Morpheus — Reading the Chat

One human is texting. There should be one coach reading the thread and replying once — not N parallel agents racing each other. Every idea we have for getting there.

9 min

2026-06-18 · companion to imessage/chat-poller.mjs + src/agent.mjs · the message-batching / turn-taking problem

The problem, precisely

iMessage is bursty. A human rarely sends one tidy paragraph — they fire a stutter of bubbles as the thought assembles:

themwait

themso i just had like 3 slices

themof pizza

themis that bad lol

The naive transport — one inbound row → one agent turn → one reply — turns that into four overlapping turns. Four LLM calls, four replies, each one blind to the bubbles that came after it. The coach answers "wait" before "pizza" has even arrived. That's the multi-thread failure: the user sees a stranger answering each fragment, not one person reading the message.

We want the opposite: collapse the burst into one coherent read, and reply once — but without making a person who sends a single quick "what should I eat?" sit through a fixed dead-air delay before the coach reacts. Those two goals pull against each other. That tension is the whole design space below.

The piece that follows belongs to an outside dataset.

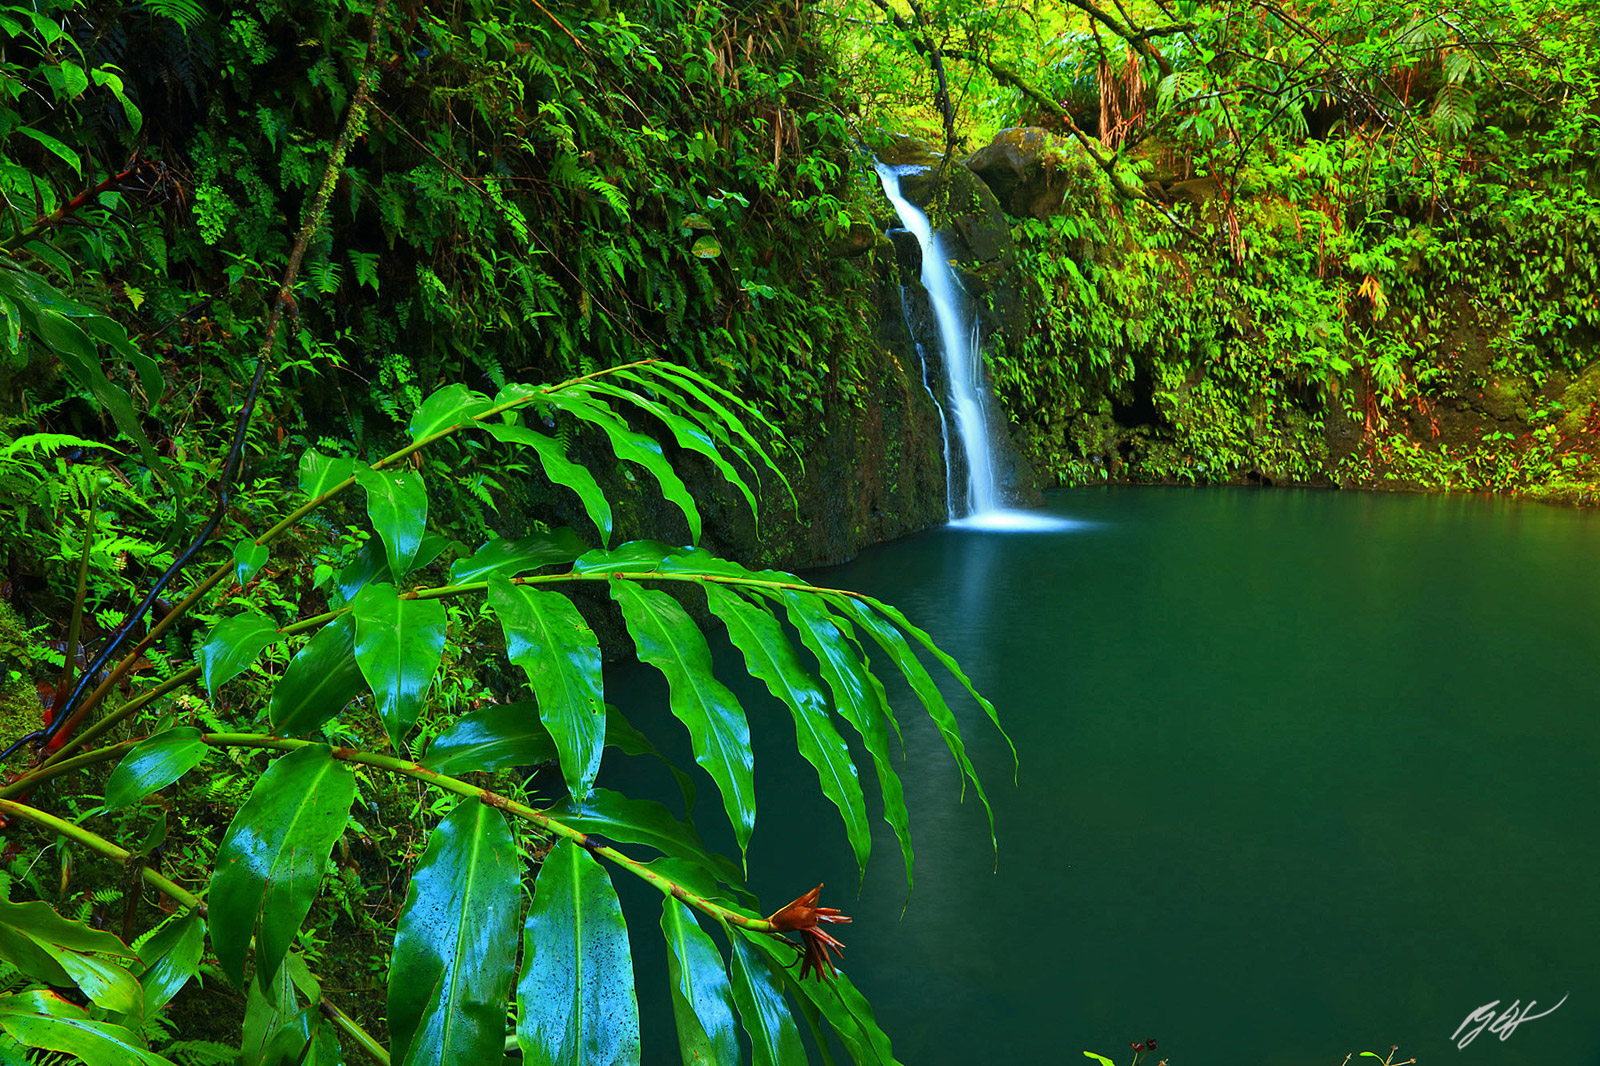 Secret Waterfall along the Road to Hana on the island of Maui, Hawaii
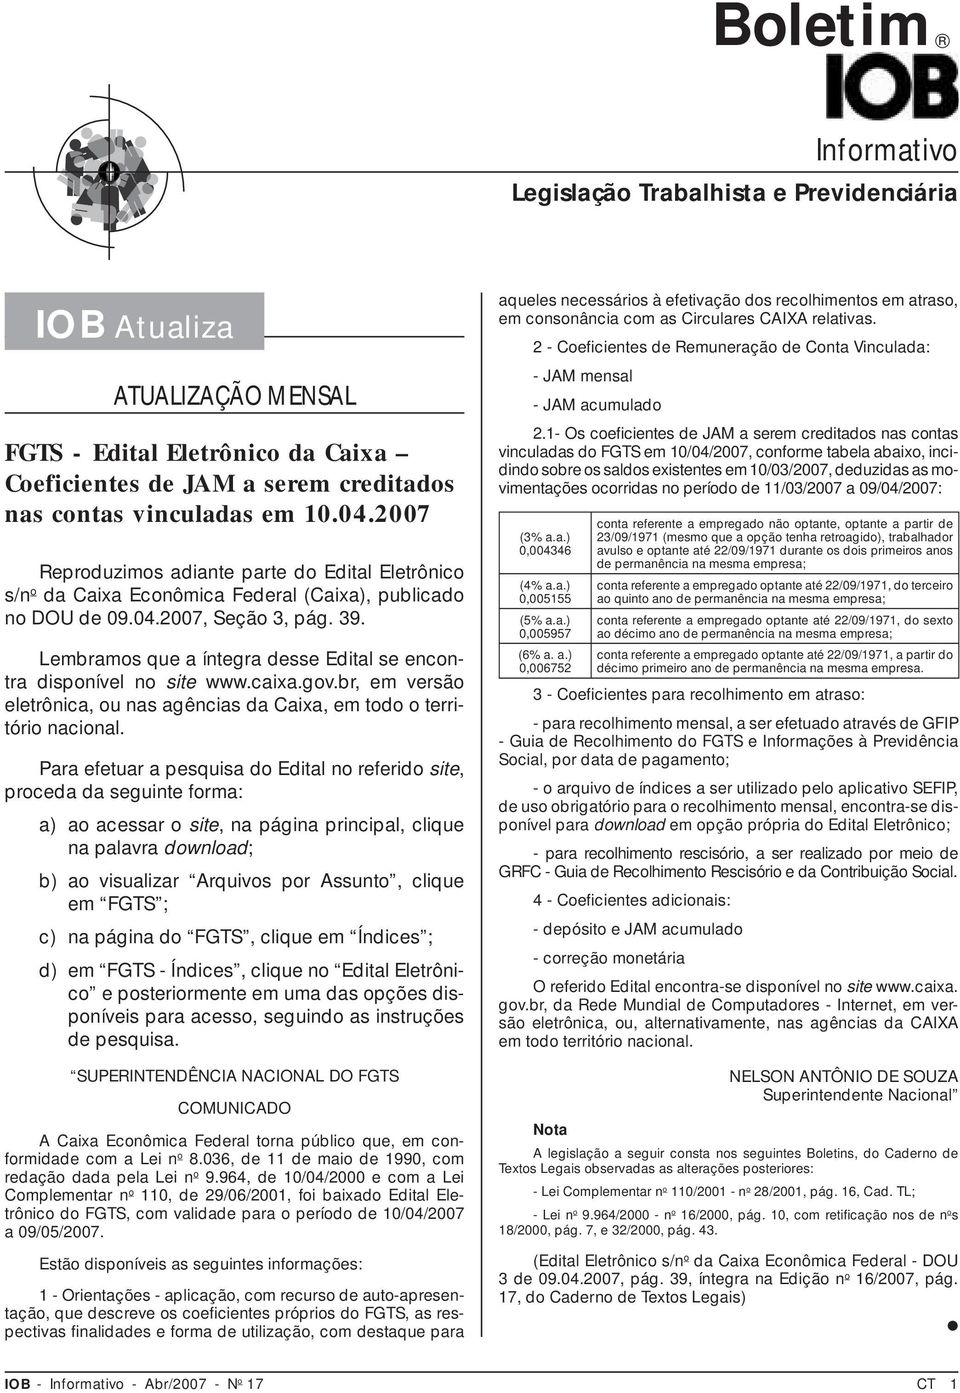 Lembramos que a íntegra desse Edital se encontra disponível no site www.caixa.gov.br, em versão eletrônica, ou nas agências da Caixa, em todo o território nacional.

Two distinct sub-problems, often conflated. (1) Coalescing — bubbles that arrive before we start generating. (2) Barge-in — bubbles that arrive while we're generating or already mid-reply. A debounce window only solves (1). A complete solution needs both.

What we have today

Burst-settling in the poller.In chat-poller.mjs, each chat has a settle buffer. A new row resets a settleMs (currently 8s) quiet-window timer; only after the window goes silent do the buffered rows fire as ONE onMessage, text joined by newlines. This is a fixed debounce.
Per-chat serialization.An inflight map chains turns per chat so two batches never run in parallel. Good — but a batch that lands mid-turn just waits its turn; it can't fold into the running one or interrupt it.
Full history into the model.runAgent replays user.history, so the model already can see prior bubbles — the problem is purely about when we decide the user is done and how late input is handled.
Paced multi-bubble output.deliverBubbles already sends one reply as several bubbles with typing cadence — so a single batched turn still looks like natural texting. We don't need many turns to get many bubbles.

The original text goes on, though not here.